PromptConfig.from_dict({}, task=task)                       # default system prompt
PromptConfig.from_dict({}, task=task, system_prompt=None)   # no system role at all
PromptConfig.from_dict({}, task=task, system_prompt="...")  # custom system prompt

These defaults are ClassVars on the QAInterface hierarchy: multiple-choice questions use the base QAInterface defaults, DirectNumericQA overrides them with numeric-specific prompts, and ChainOfThoughtQA sets them to None (free-form generation). The question type therefore supplies the right default, which is why there is no longer a separate numeric= argument to pass — pick the mode as described under Question modes above.

FewShotConfig

Few-shot prompting is configured with a single frozen dataclass:

from folktexts.prompting import FewShotConfig
from folktexts.benchmark import Benchmark

bench = Benchmark.make_acs_benchmark(
    "ACSIncome", model=llm, tokenizer=tokenizer, data_dir="~/data",
    few_shot_config=FewShotConfig(
        n_shots=4,
        compose="balanced",        # "random" (default) | "balanced" | per-class counts in label order, e.g. (2, 2) = 2 of class 0 + 2 of class 1
        example_order=(3, 2, 1, 0),  # optional permutation of the example indices
        reuse_examples=True,         # default False (resamples per row); True reuses the same examples
        show_question_in_examples=True,  # default True; set False for answer-only examples
    ),
)

Few-shot prompting cannot be combined with the chat-template path (use_chat_template=True) — that combination raises ValueError.

Migrating from the flat-keyword API

Earlier versions configured prompts through scattered keyword arguments. Those have been consolidated into PromptConfig / FewShotConfig. Passing a removed keyword to a constructor or encode_row_prompt* now raises TypeError instead of being silently ignored.
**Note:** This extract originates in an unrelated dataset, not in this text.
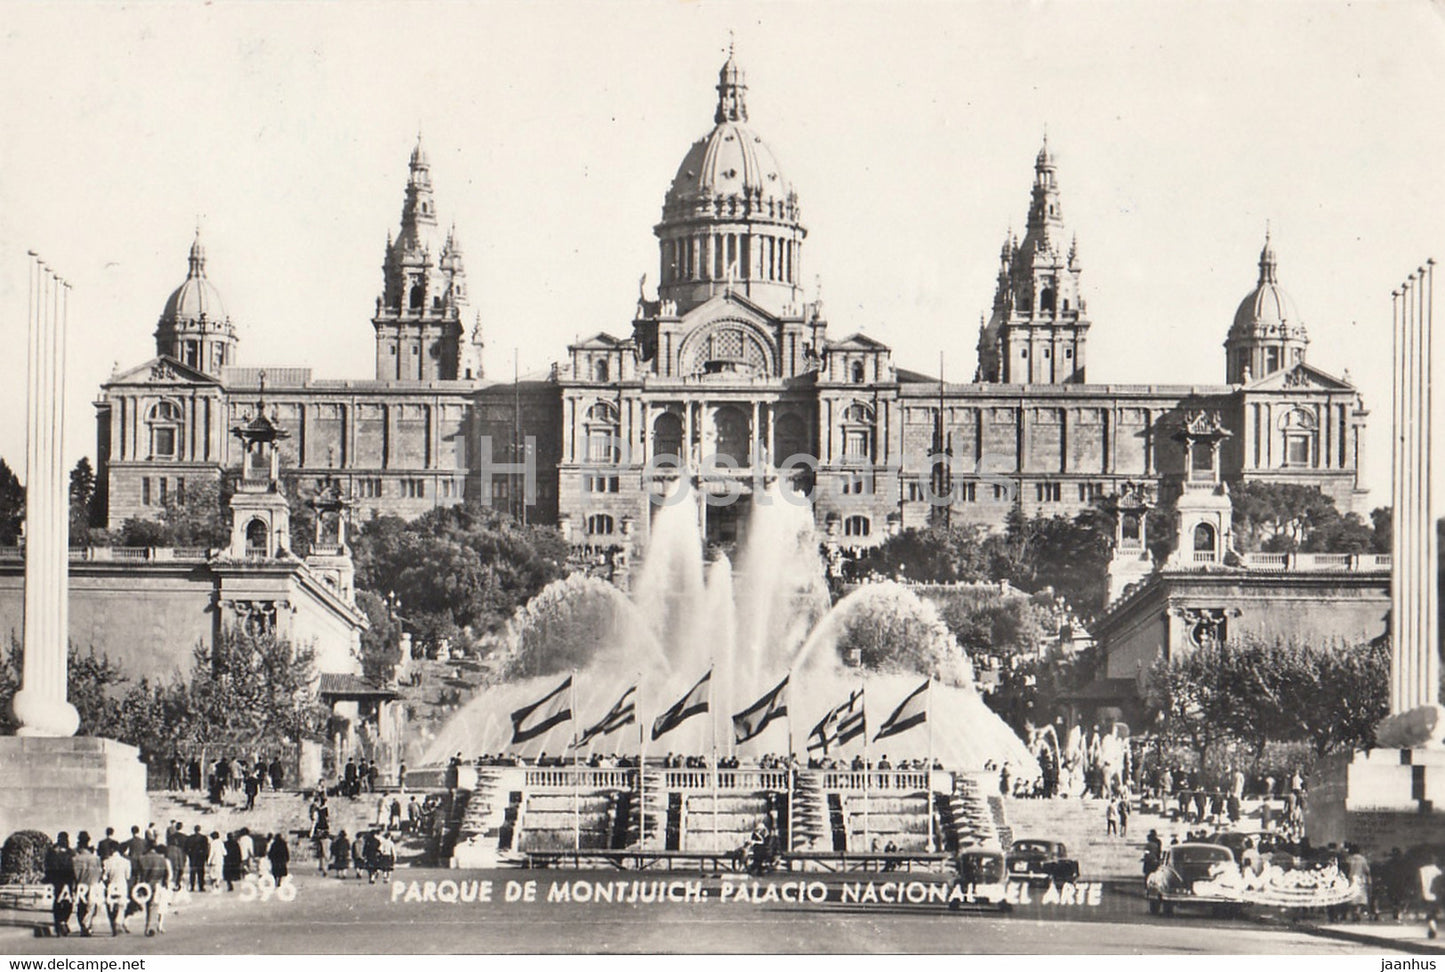 Barcelona - Parque de Montjuich - Palacio Nacional del Arte - 596 - old postcard - Spain - used - JH Postcards

Saved benchmark configs from before the change still load: BenchmarkConfig.load_from_disk translates the legacy few-shot keys and ignores any other unknown keys with a warning.

Old

New

custom_prompt_prefix="..." (classifier / encode_row_prompt*)

prompt_config=PromptConfig.from_dict({"custom_prompt_prefix": "..."}, task) or CLI --variation custom_prompt_prefix=...

add_task_description=False

now an argument to PromptConfig.from_dict(...)

few_shot=N, reuse_few_shot_examples=..., balance_few_shot_examples=... (BenchmarkConfig)

few_shot_config=FewShotConfig(n_shots=N, reuse_examples=..., compose="balanced")

class_balancing=True (sample_n_train_examples / encode_row_prompt_few_shot)

compose="balanced" / CLI --compose-few-shot-examples balanced

CLI --balance-few-shot-examples

CLI --compose-few-shot-examples balanced

numeric=True (encode_row_prompt_chat / resolve_chat_defaults)

removed — the default is derived from the QAInterface subclass (DirectNumericQA)

encode_row_prompt(row, task, question_obj) (positional question)

question= is now keyword-only

system_prompt=None / chat_prompt=None to mean “default”

PROMPT_DEFAULT means “default”; None now means “explicitly disable”

The top-level public API (Benchmark, BenchmarkConfig, the classifiers, the QAInterface subclasses, TaskMetadata, ACSDataset) is unchanged.